Actually, you don't even have to type in the address. Looking at the map on your phone, you just touch the icon that corresponds to the house in front of you. Up pops your information.

Updating listings every 15 minutes, the app lets prospective buyers search a data base -- more than 70 million addresses -- by neighborhood, school zone, ZIP code and city.

It lets customers draw their own search -- customize it by outlining an area on the map with their finger -- and set filters for price, size and type of property. Redfin then sends updates and alerts about price changes and homes coming on the market that meet the users' search criteria.

Among its other features, the app lets users search for open houses and share comments and information with friends and Redfin agents. (Developed in Seattle and San Francisco, the app works in 83 major U.S. markets; wherever the Redfin brokerage operates.)

Ray, who works for Coldwell Banker, finds the app to be "very much consumer-based and useful. My clients love it. You can point to where you are on the map and it will populate the screen with all the homes that have recently sold around you or that are on sale right now. The green ones have prices for sale and the blue ones are the ones that have sold. So if you've been to a house and you want to see others in the area, you can do it. You search for open houses, you find out what's on the market. It's pretty cool."

The ubiquitous home improvement app lets customers -- there are millions of them -- access design recommendations and a vast gallery of high-res photos. One sifts through the images by city, style or keyword: want to see photos of crown molding? You'll see plenty.

In the real estate world, the app (launched in Palo Alto in 2009) is popular with home sellers, said area broker Rainy Hake, of Alain Pinel, "because they may be thinking, 'How can I update my house and get it ready to list?'"

Prospective buyers use it to research, say, the types of kitchens or bathroom styles that interest them.

"And once they purchase the home, they build off of that. Some people aren't able to re-imagine it themselves. So Houzz acts like a design application, and it also connects homeowners to contractors and to the stores that sell particular products. It even tells them the price. 'You can get this chair at Pottery Barn for $2,000.'"

Hake gives a personal example: "I just purchased a house last year, a Colonial-style home built in 1924, and I wanted to remodel it. So I used Houzz to get a bunch of ideas, not just about color schemes that go together, but, for instance, how to use crown moldings -- there are so many crown molding choices, I had no idea. You pick up your phone and look at the app and it shows what styles are historically relevant while also giving you other ideas to keep the project a bit more modern. It's kind of like Pinterest: you can create idea boards for your living room or bedroom. You find photos of what interests you and pin it to your board. You throw all those design ideas up there and go to work."

Snap a photo of a home, anywhere, and out pops a magic boxful of information drawn from MLS listings, property tax records, census data and more. Want to know when the house last sold? You shall know. Want to see interior photos? If the house is listed, it's a good bet that you shall see.
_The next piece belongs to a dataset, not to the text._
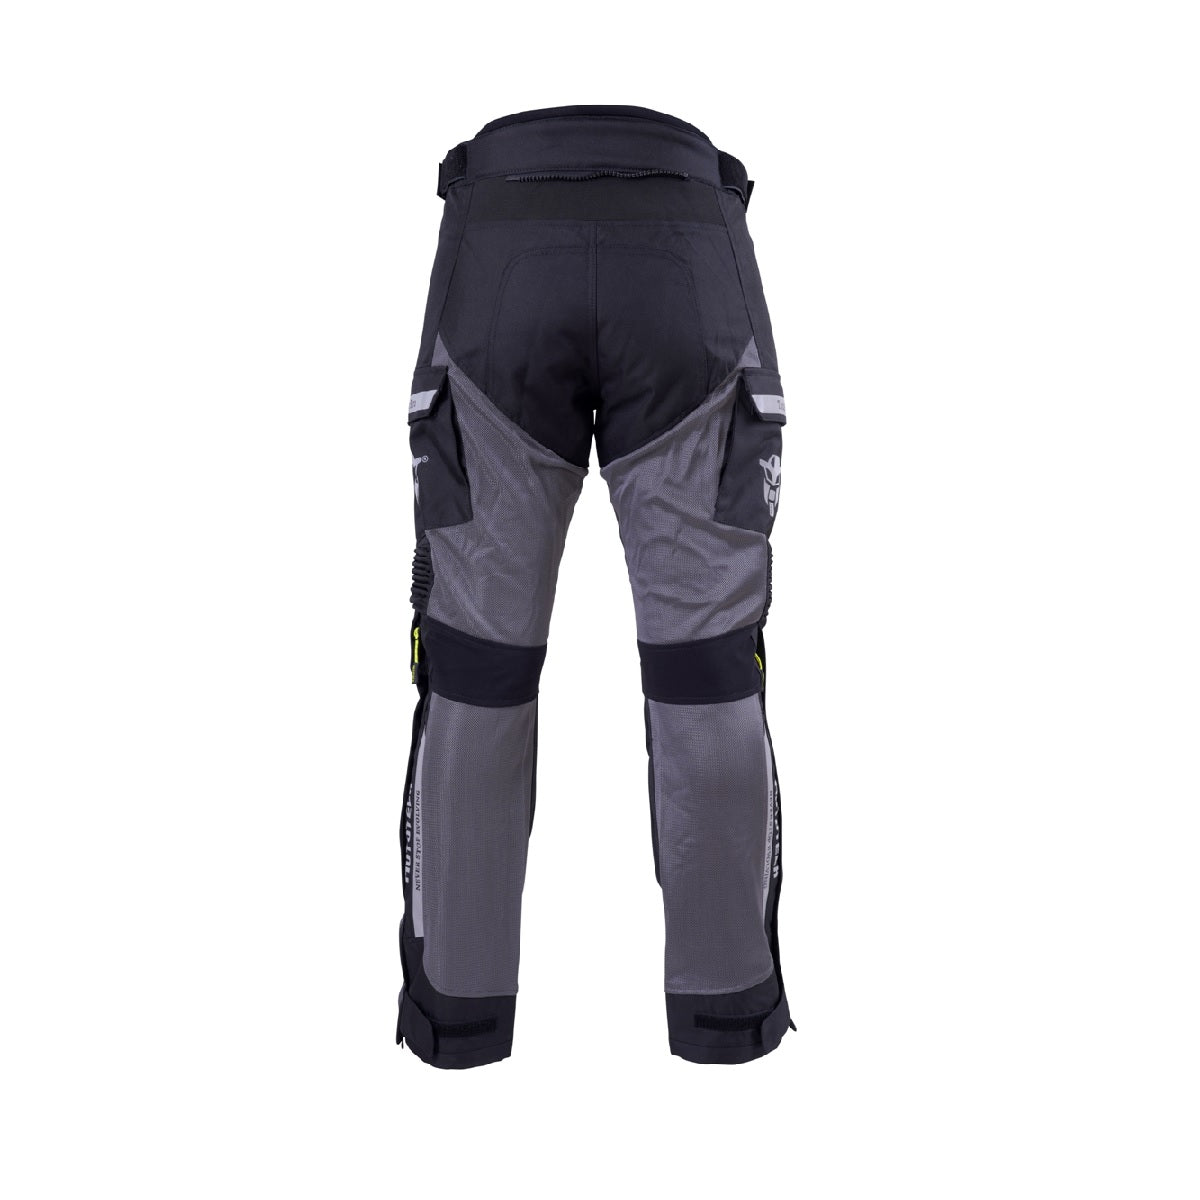 Oxford Arizona 10 Air Summer Motorcycle Trousers Mesh Scooter Pants Black  White  eBay

"I use it if I'm driving down the street," said agent Jennifer Branchini, past president of the East Bay Association of Realtors. "I'll open up Homesnap. Maybe I'm being a tourist in another city. I come out of a restaurant, see a property and think, 'Oh my gosh, I wonder how much that home is worth.' So I'll open Homesnap and take a picture and get all the information.

"I like the fact that I can send free private messages to my clients," she said, "even if they don't have the app; it sends the messages as texts. So you can send a link with the property photo and details and chat about it. The mapping feature is useful, too. I can snap a picture and it keeps a history of all my snaps. It's super-cool."